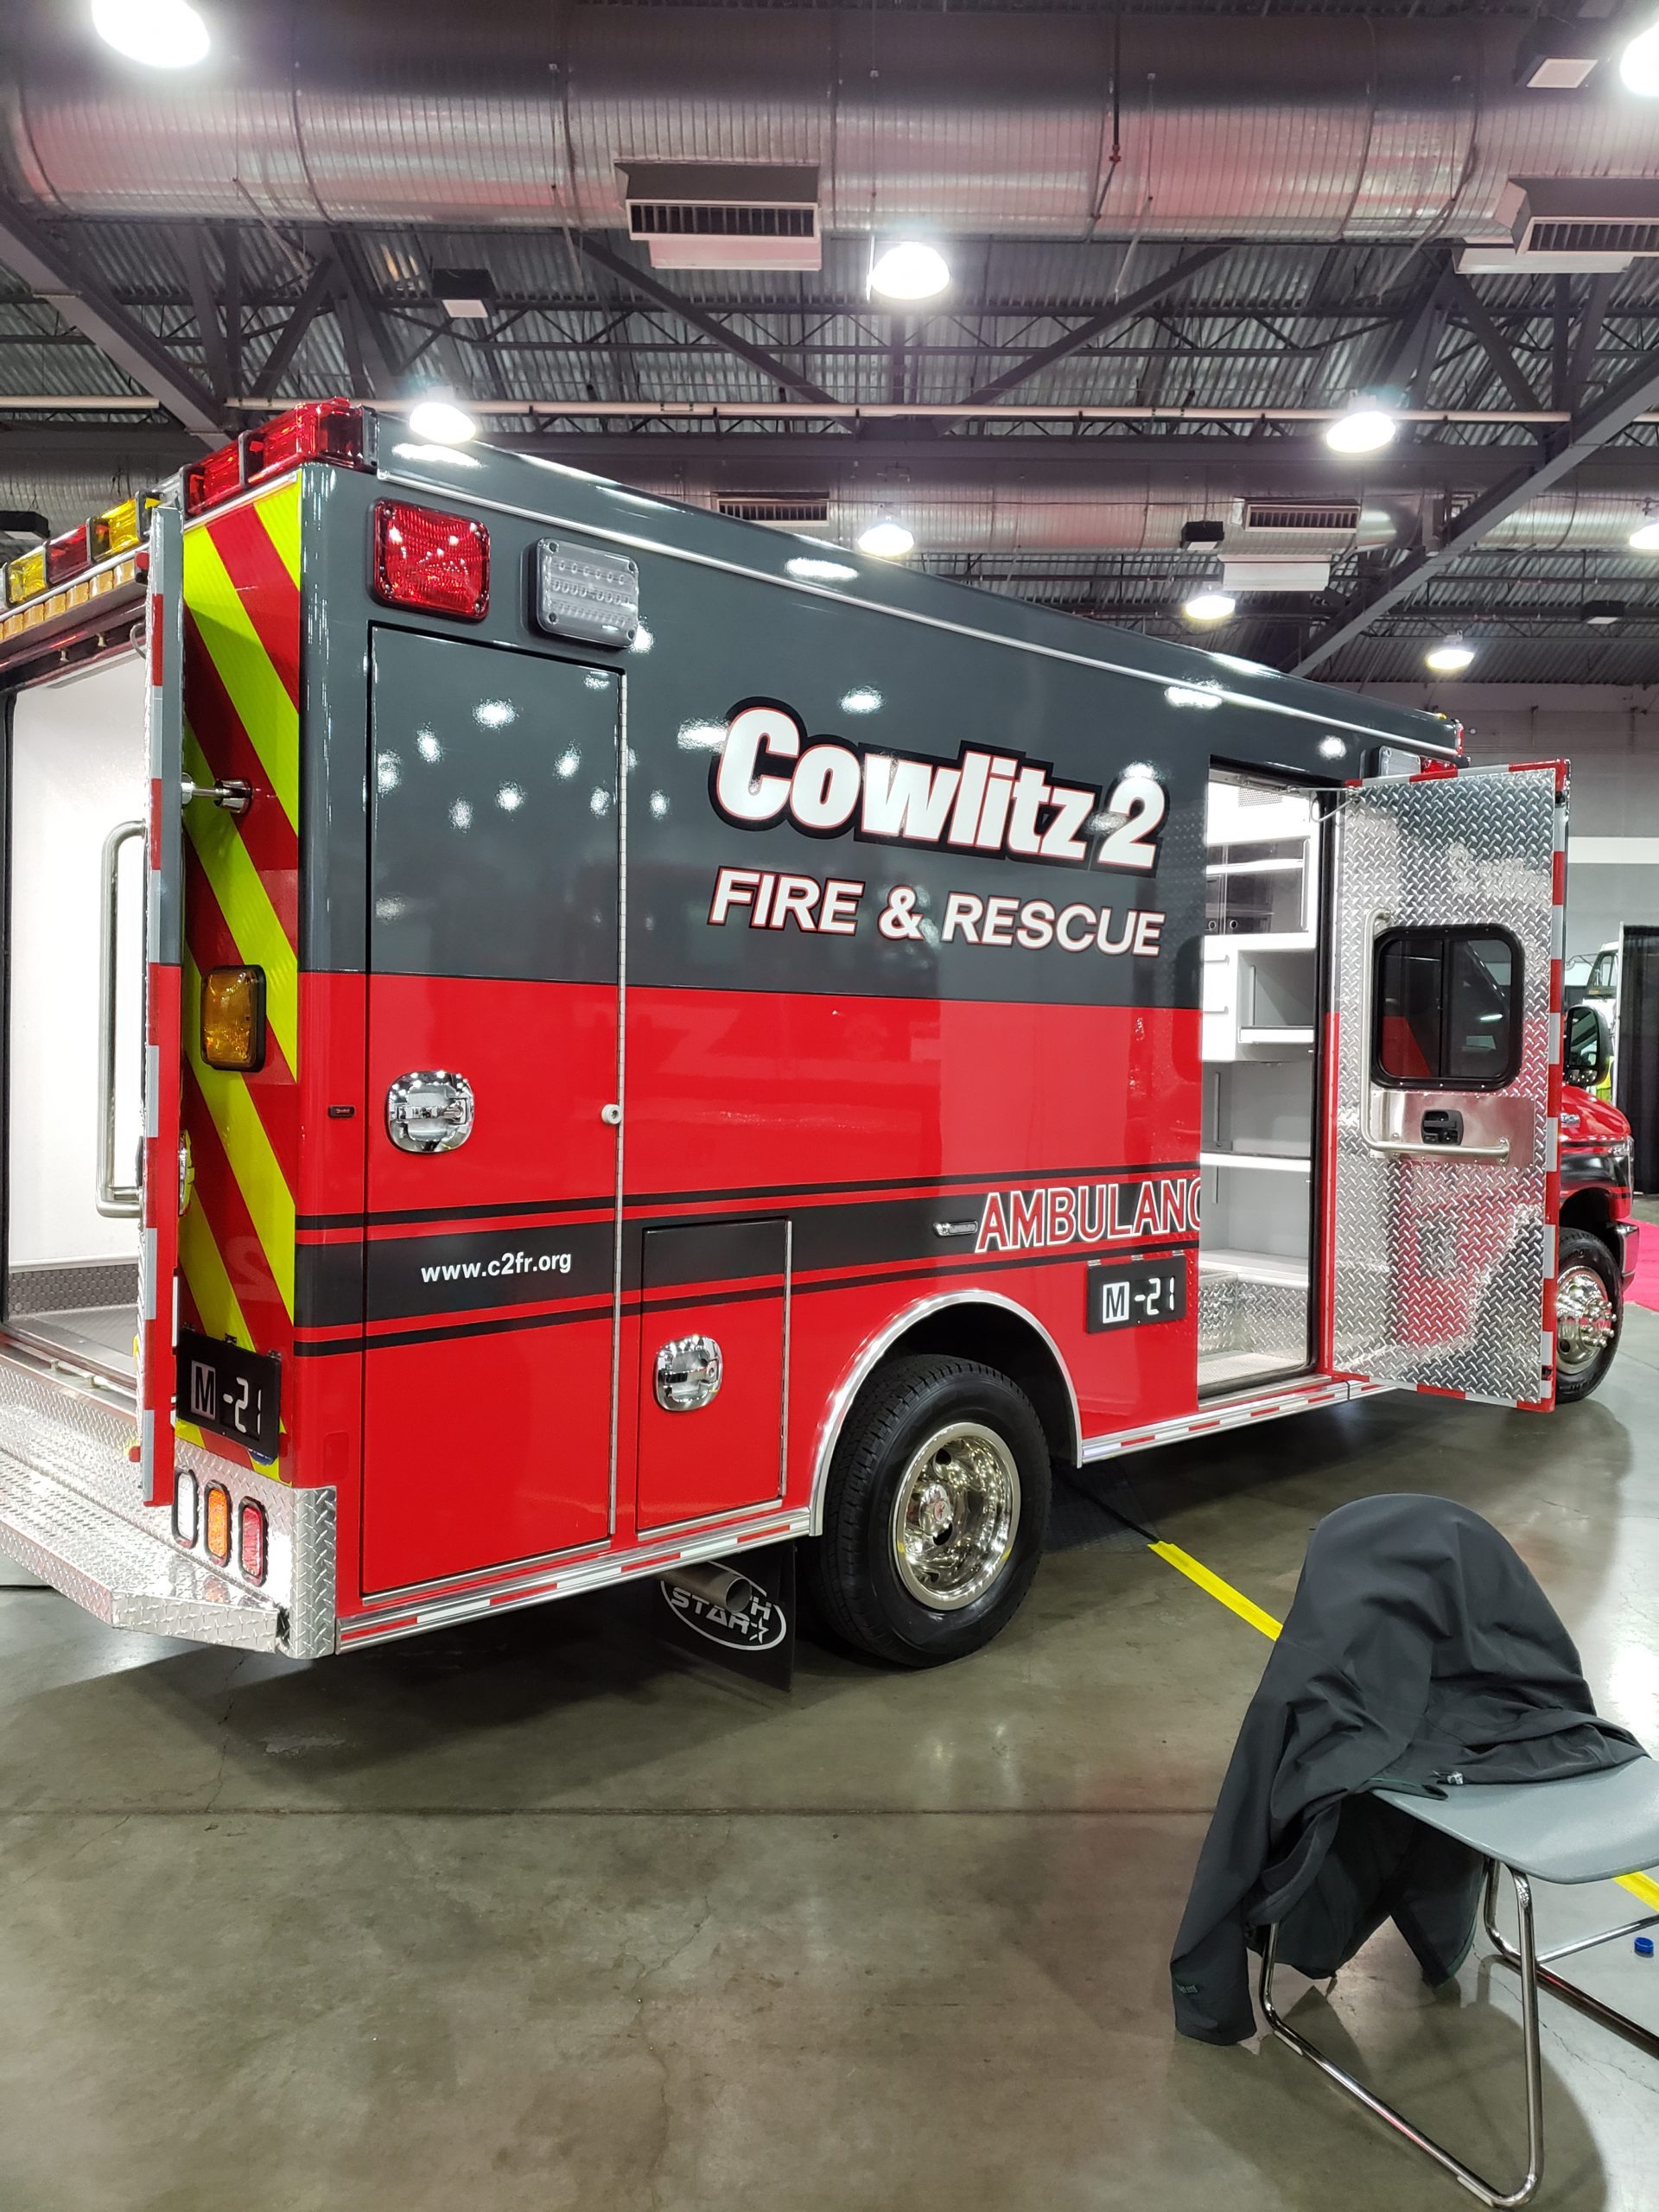 Cowlitz 2 Fire & Rescue Ambulance
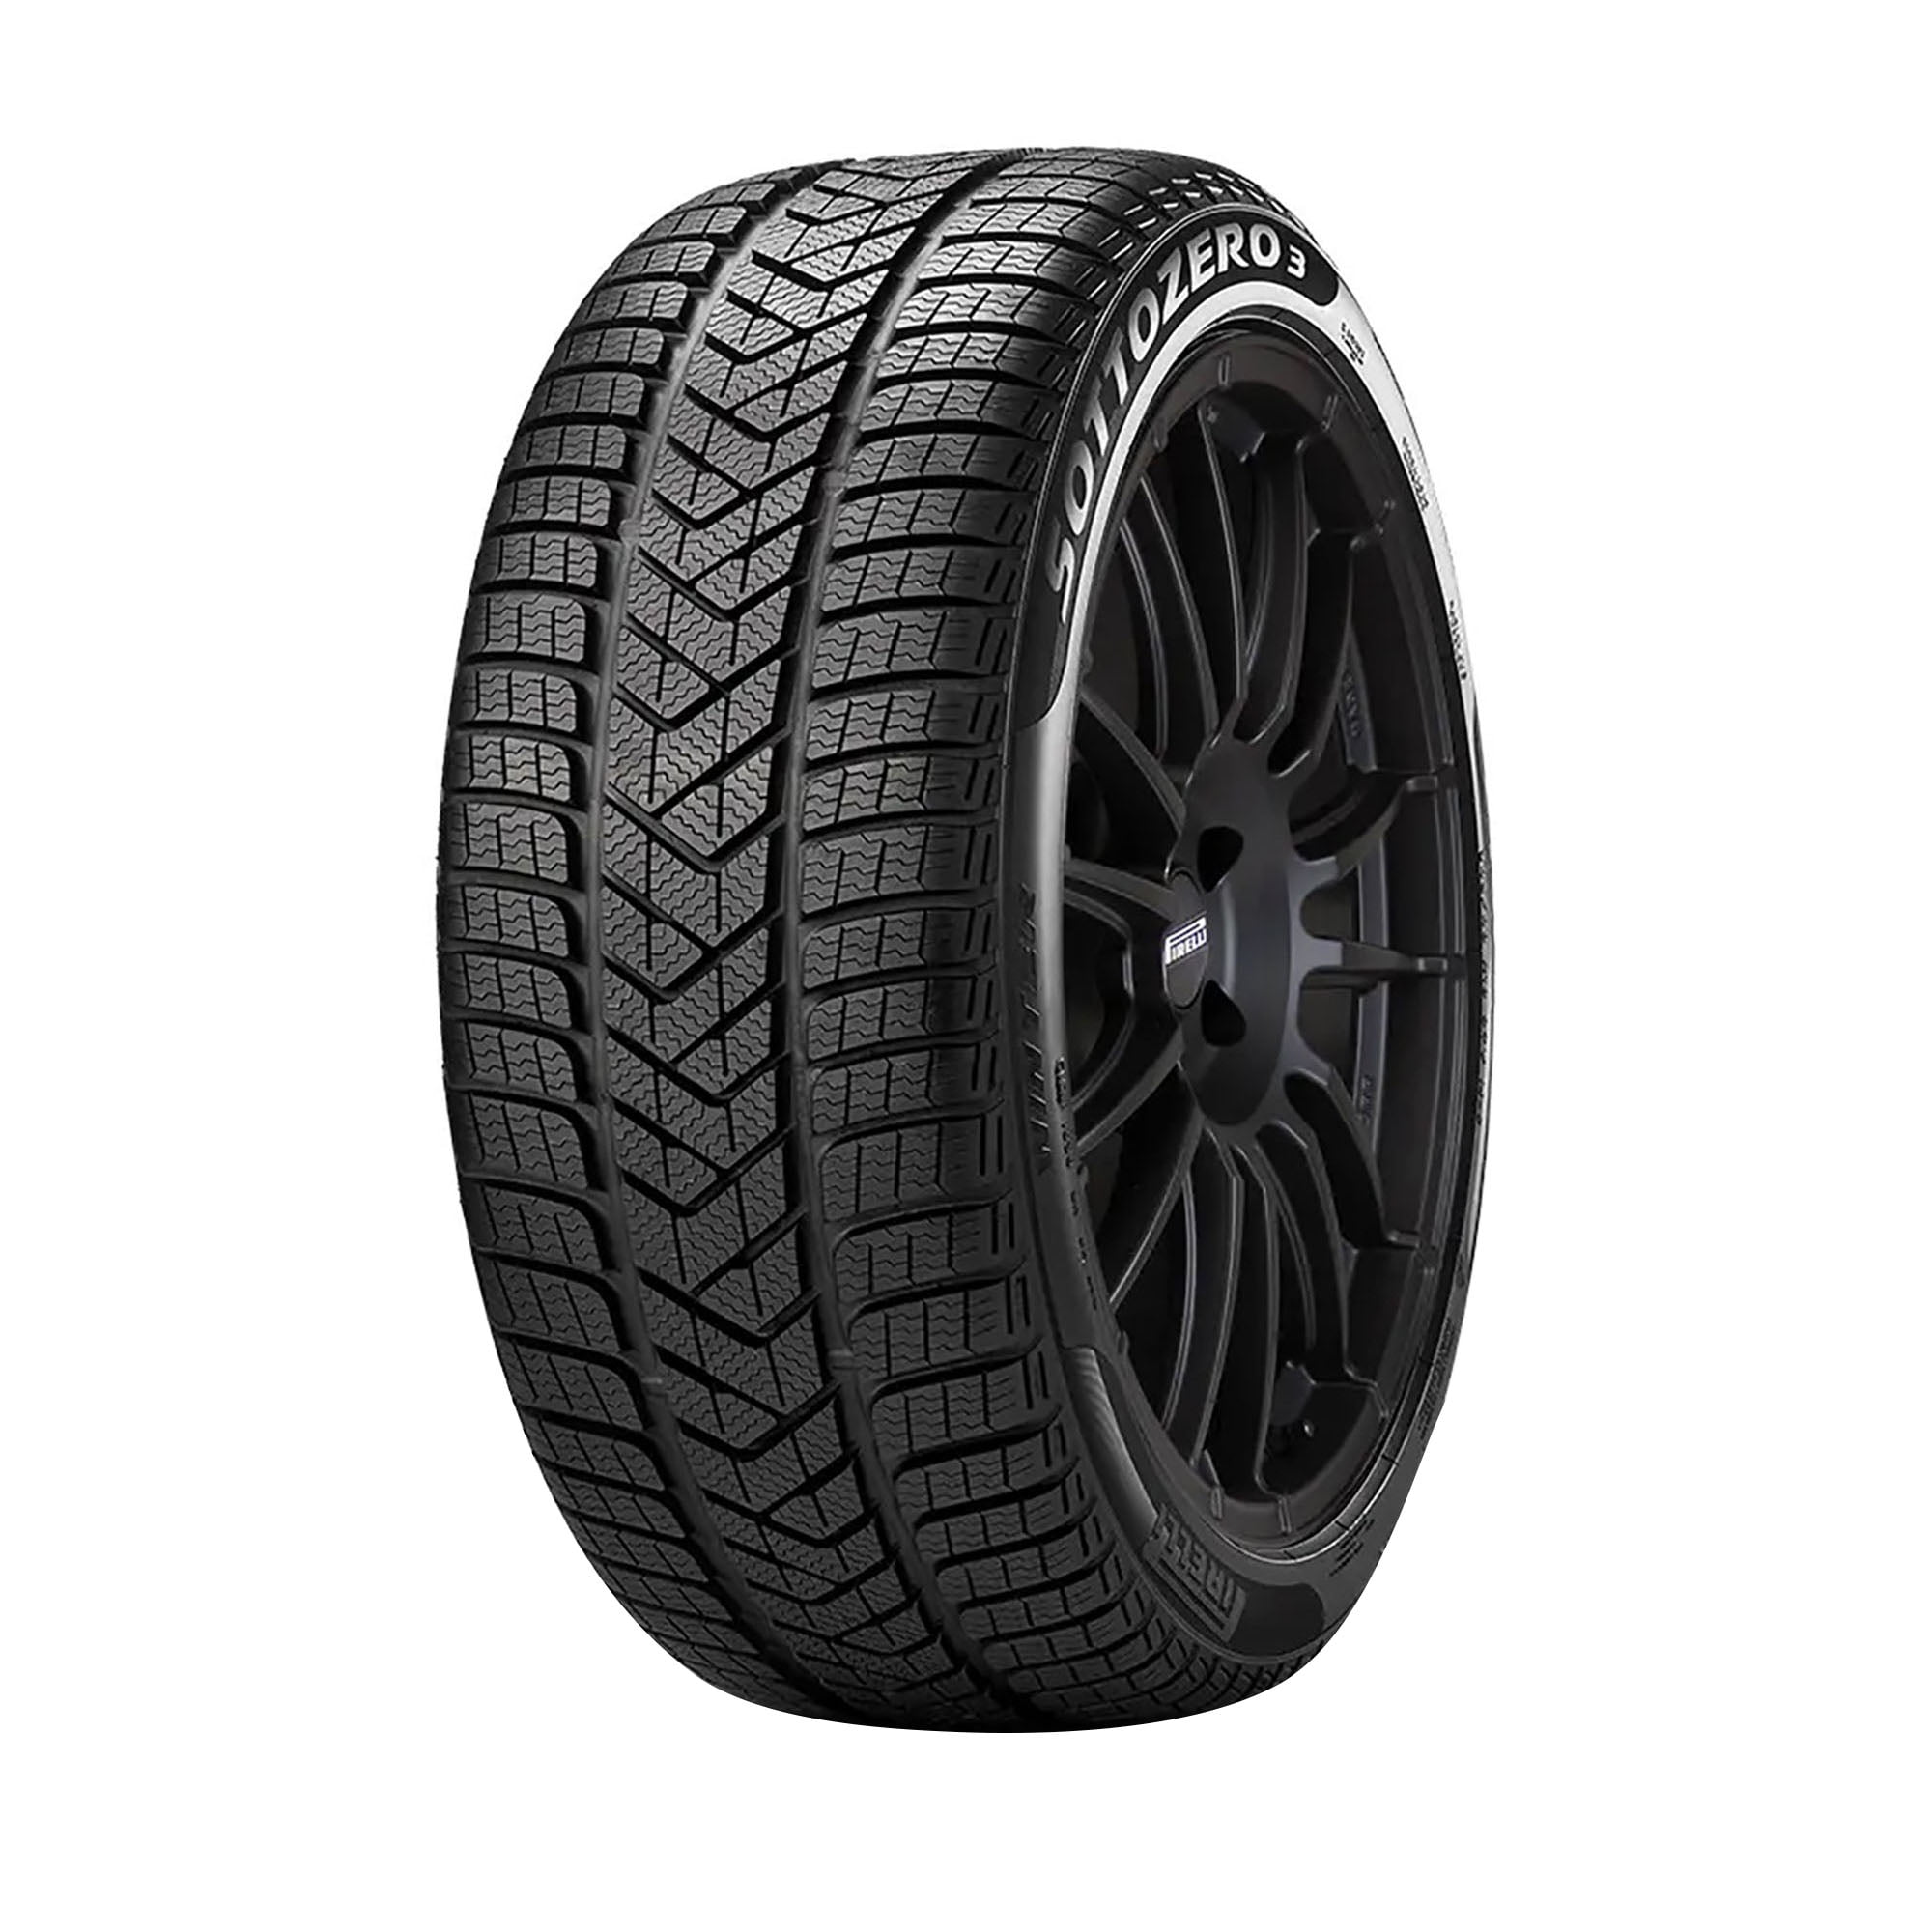 Pirelli Winter Sottozero 3 Winter 275/35R21 103W XL Passenger Tire
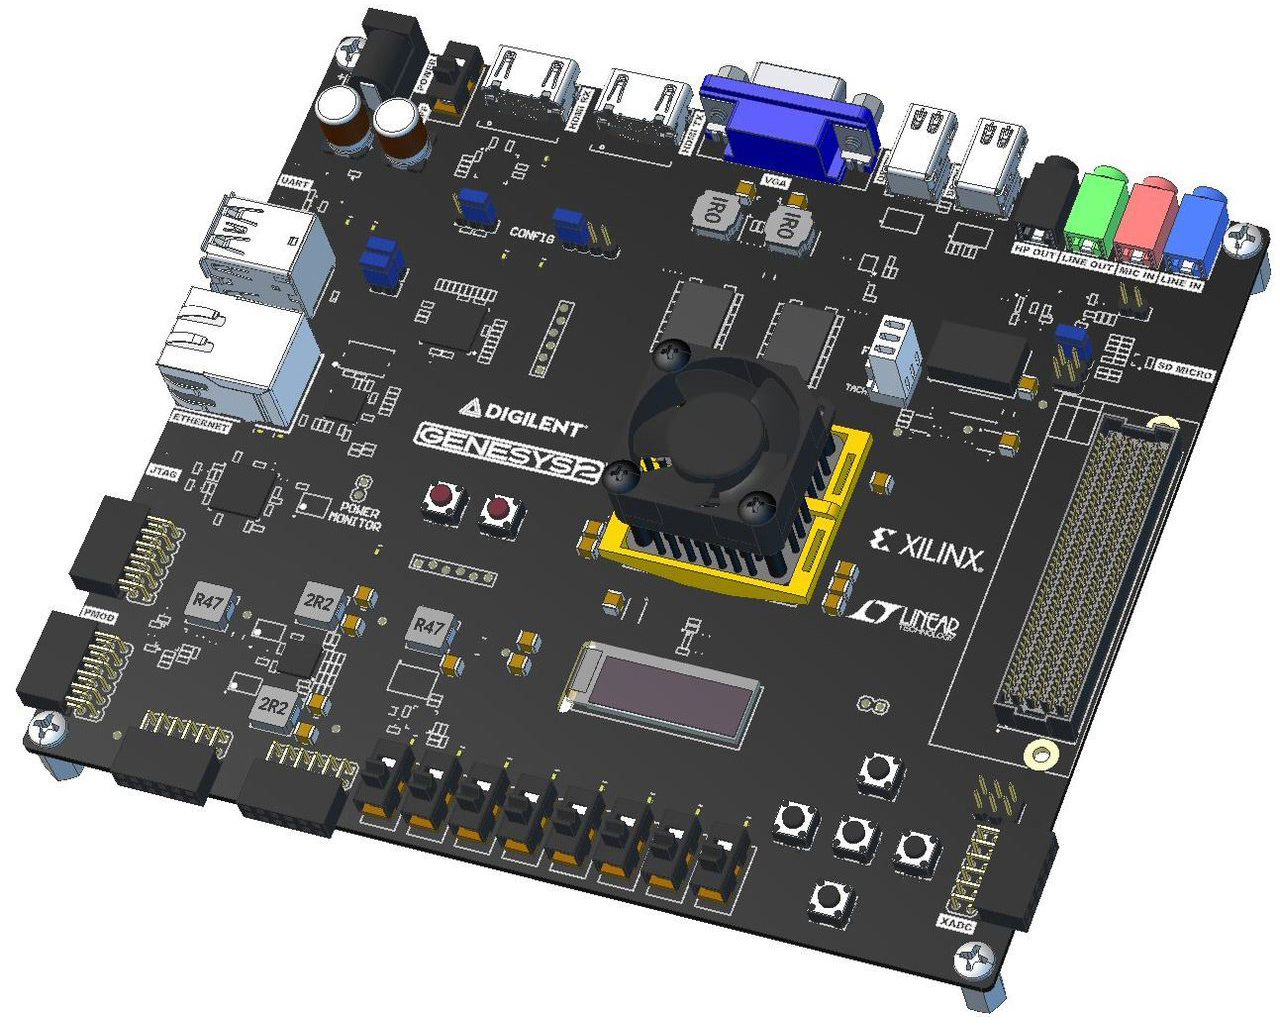 Digilent Xilinx Genesys 2 Kintex-7 FPGA Entwicklungsboard - Zum Vergrößern klicken

*Prompt*
Write out the data exactly, and exclude every picture it holds.

*Exercise output*
 Cowlitz 2 Fire & Rescue Ambulance
 Pirelli Winter Sottozero 3 Winter 275/35R21 103W XL Passenger Tire
 Digilent Xilinx Genesys 2 Kintex-7 FPGA Entwicklungsboard - Zum Vergrößern klicken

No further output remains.